**Task goal**
Restate exactly, and only, the lines from the one with "chihuahua wearing a" through the end of the data, with both of those end lines kept. Drop any pictures.

**Data**
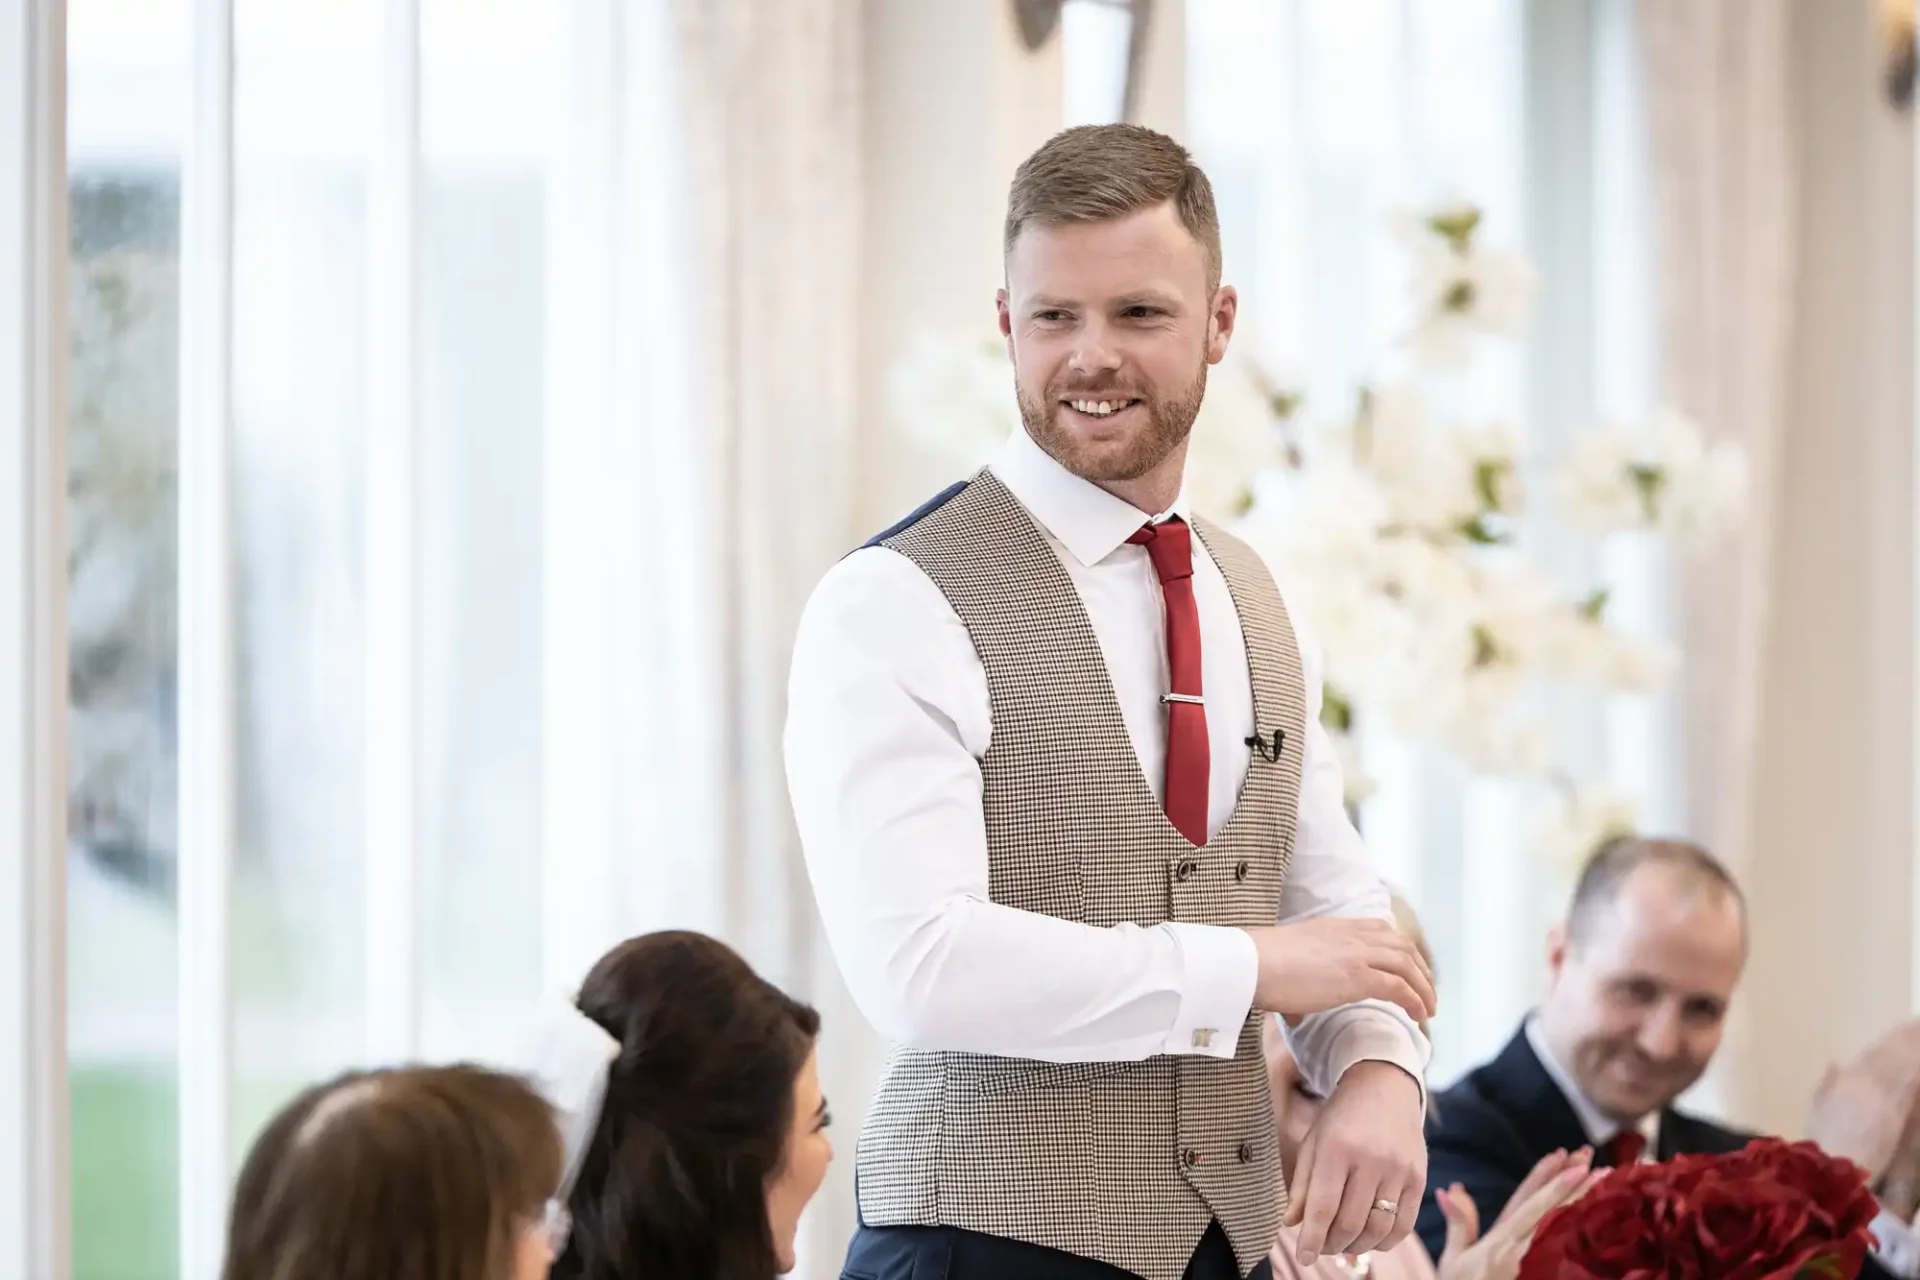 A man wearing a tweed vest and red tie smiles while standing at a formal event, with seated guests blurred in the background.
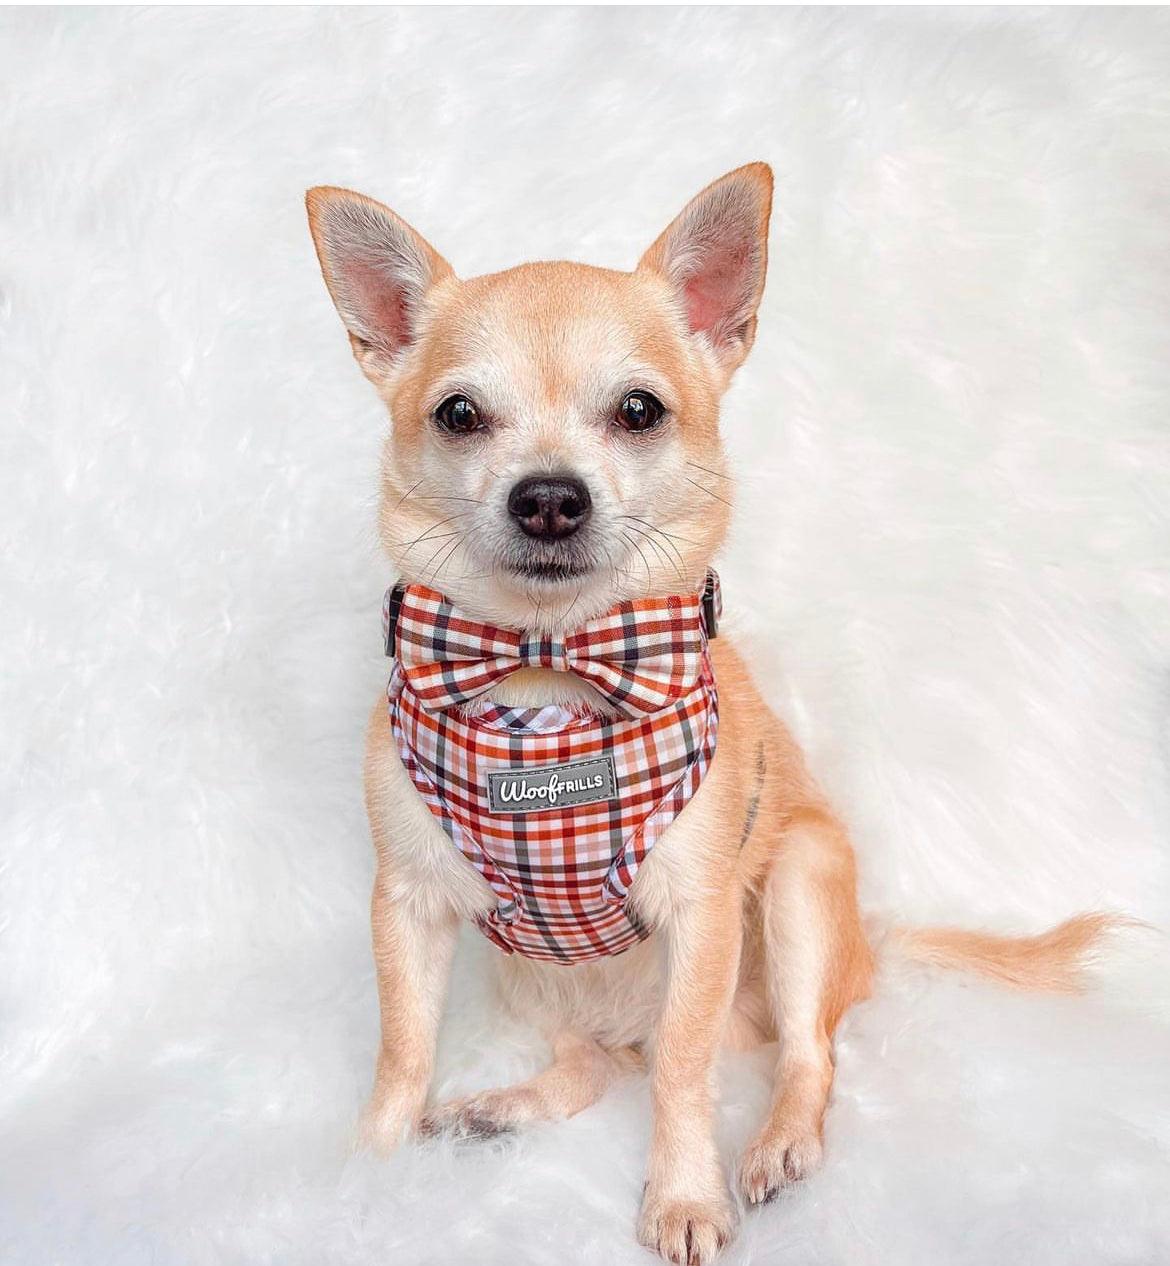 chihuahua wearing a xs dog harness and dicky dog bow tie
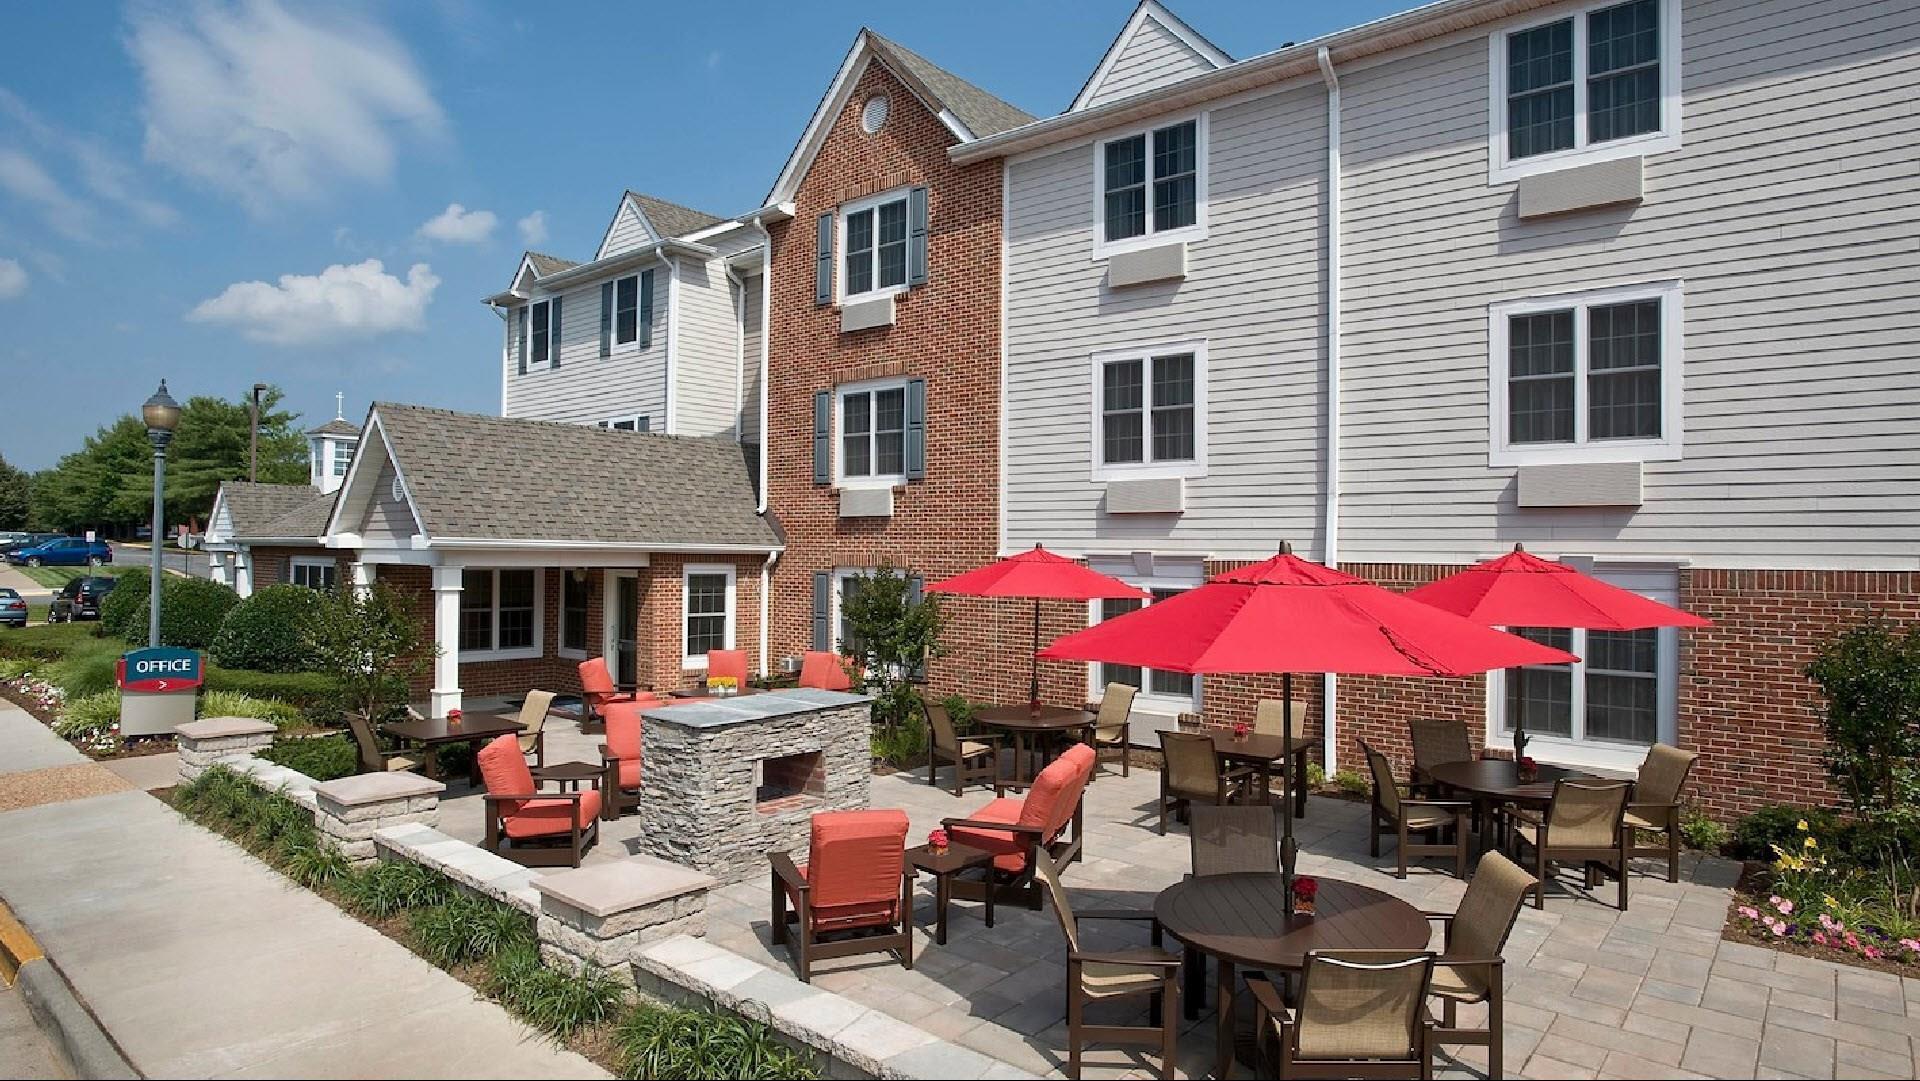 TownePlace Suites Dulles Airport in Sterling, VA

**Response area**
 chihuahua wearing a xs dog harness and dicky dog bow tie
 TownePlace Suites Dulles Airport in Sterling, VA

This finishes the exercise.